PROVIDED DATA ::
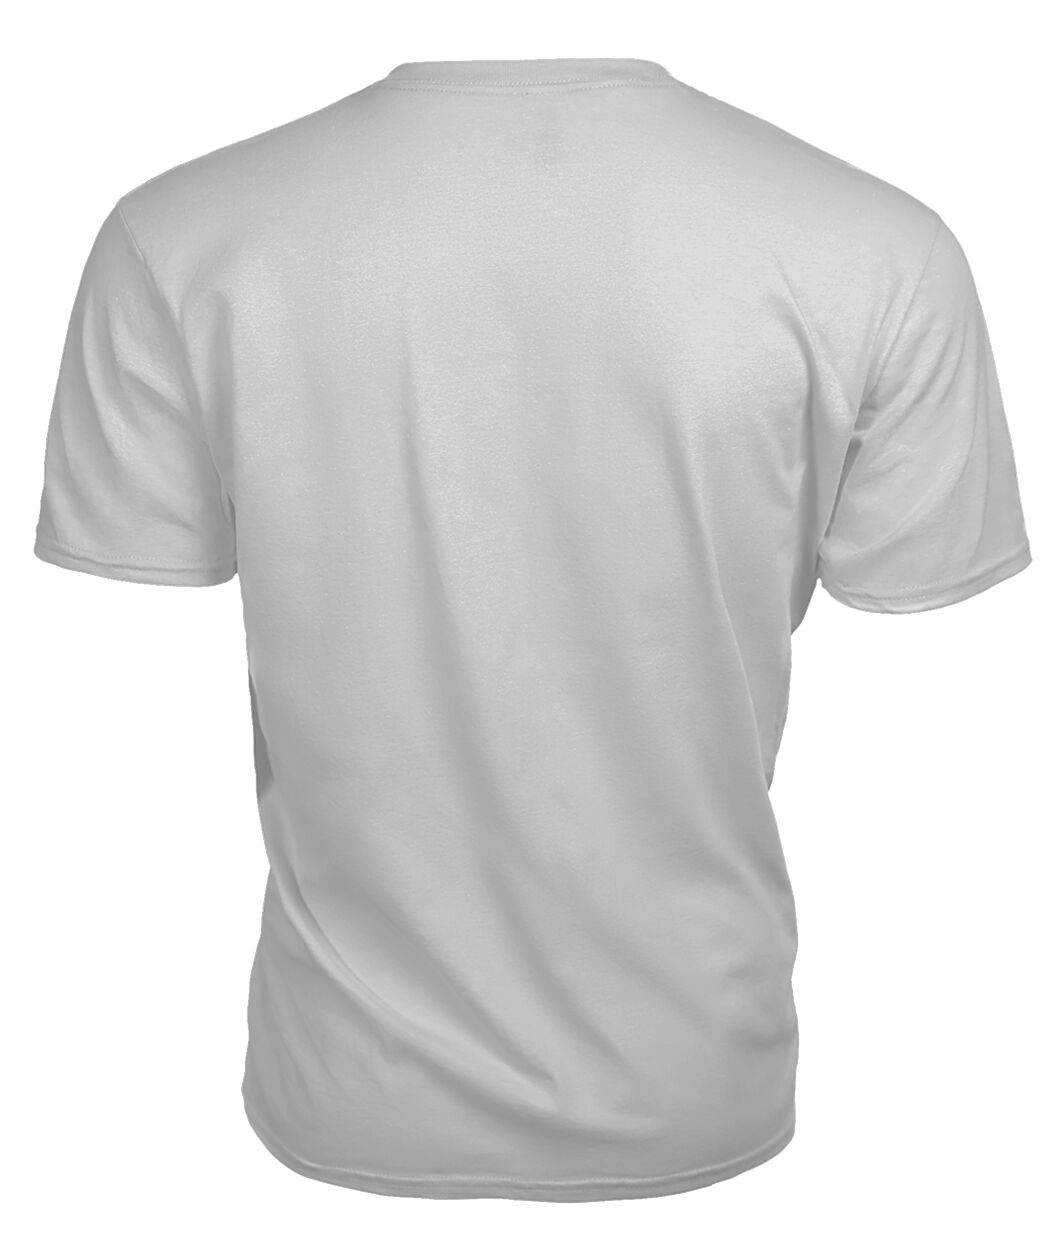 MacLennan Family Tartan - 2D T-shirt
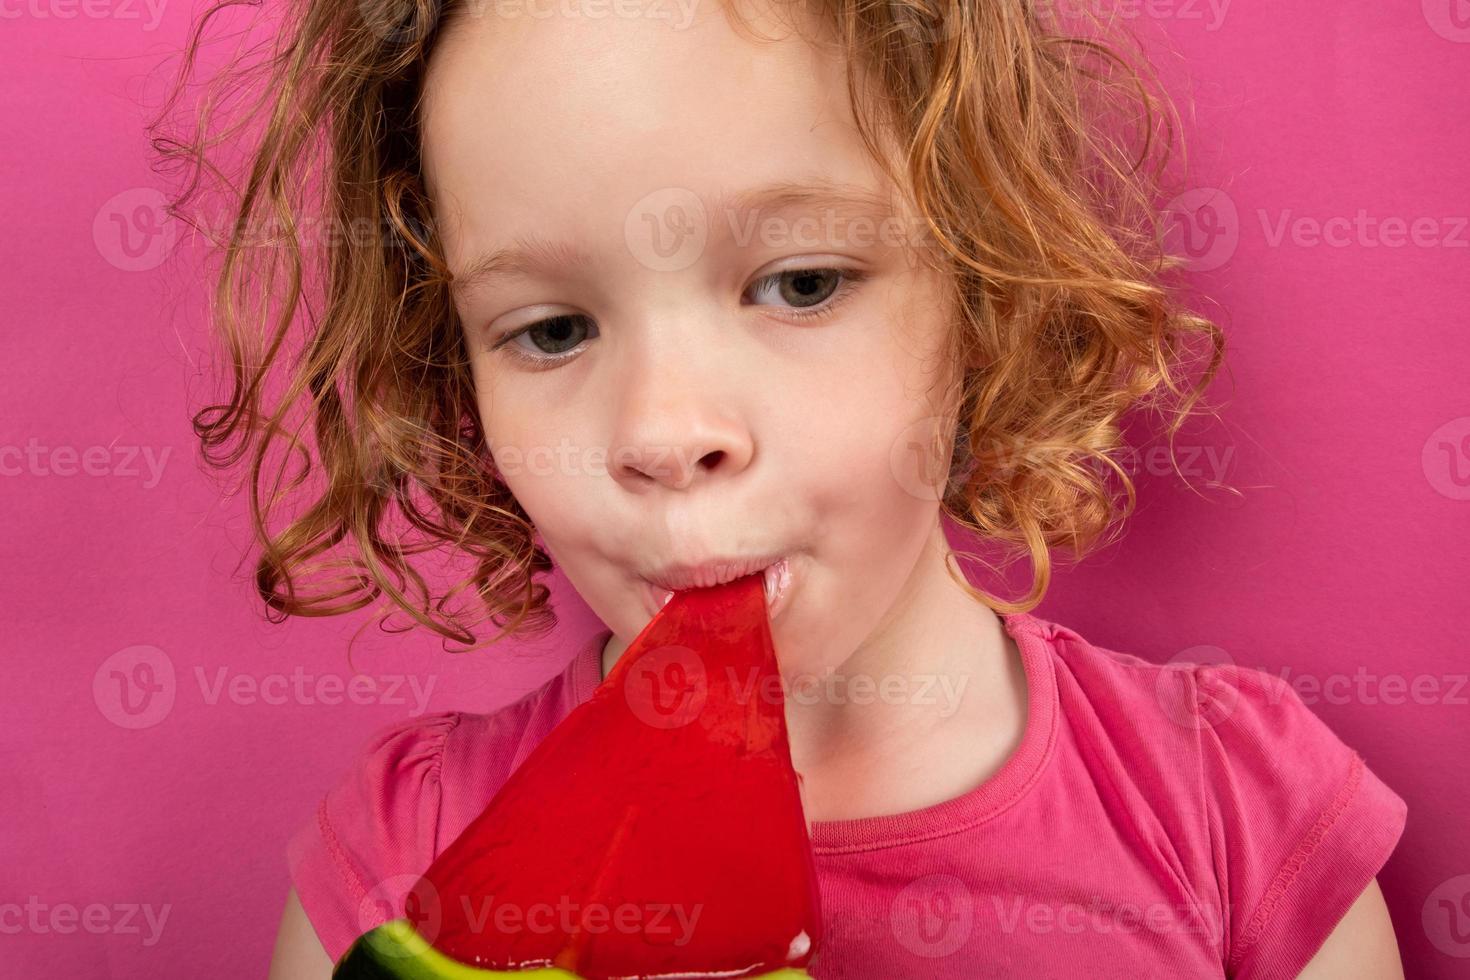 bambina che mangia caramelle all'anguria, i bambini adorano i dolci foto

...

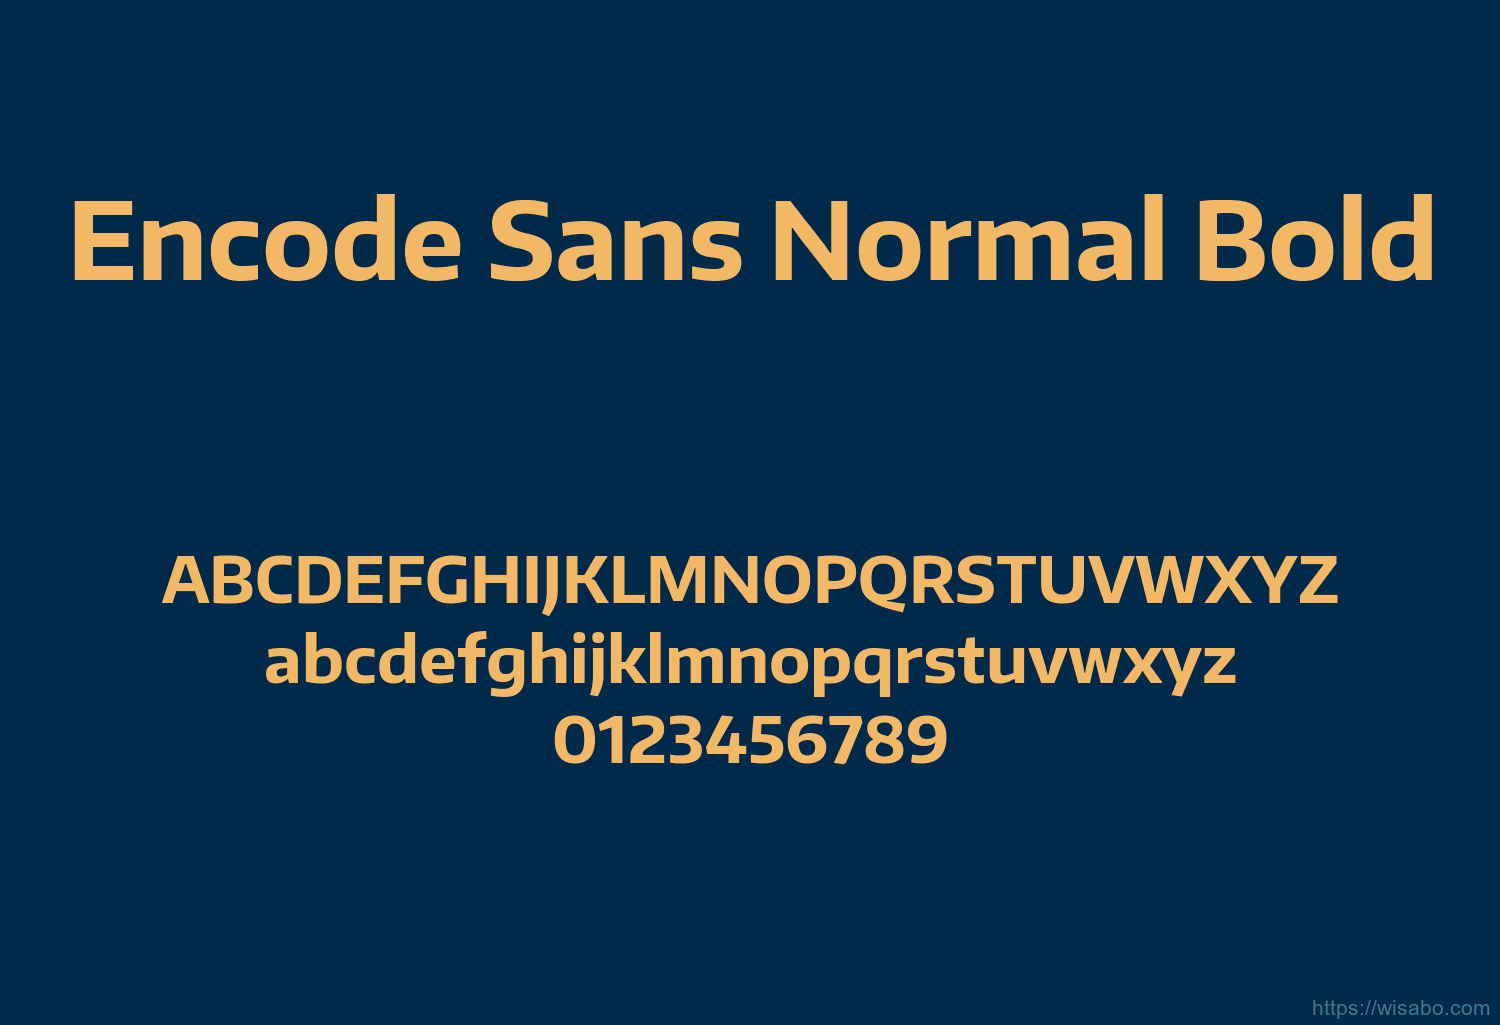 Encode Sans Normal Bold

INSTRUCTIONS TO FOLLOW :: Your reply is to be an exact repeat of the listing above from the line holding "MacLennan Family Tartan - 2D T-shirt" down to the line holding "bambina che mangia", ends included, pictures excluded.

RESPONSE BOX ::
 MacLennan Family Tartan - 2D T-shirt
 bambina che mangia caramelle all'anguria, i bambini adorano i dolci foto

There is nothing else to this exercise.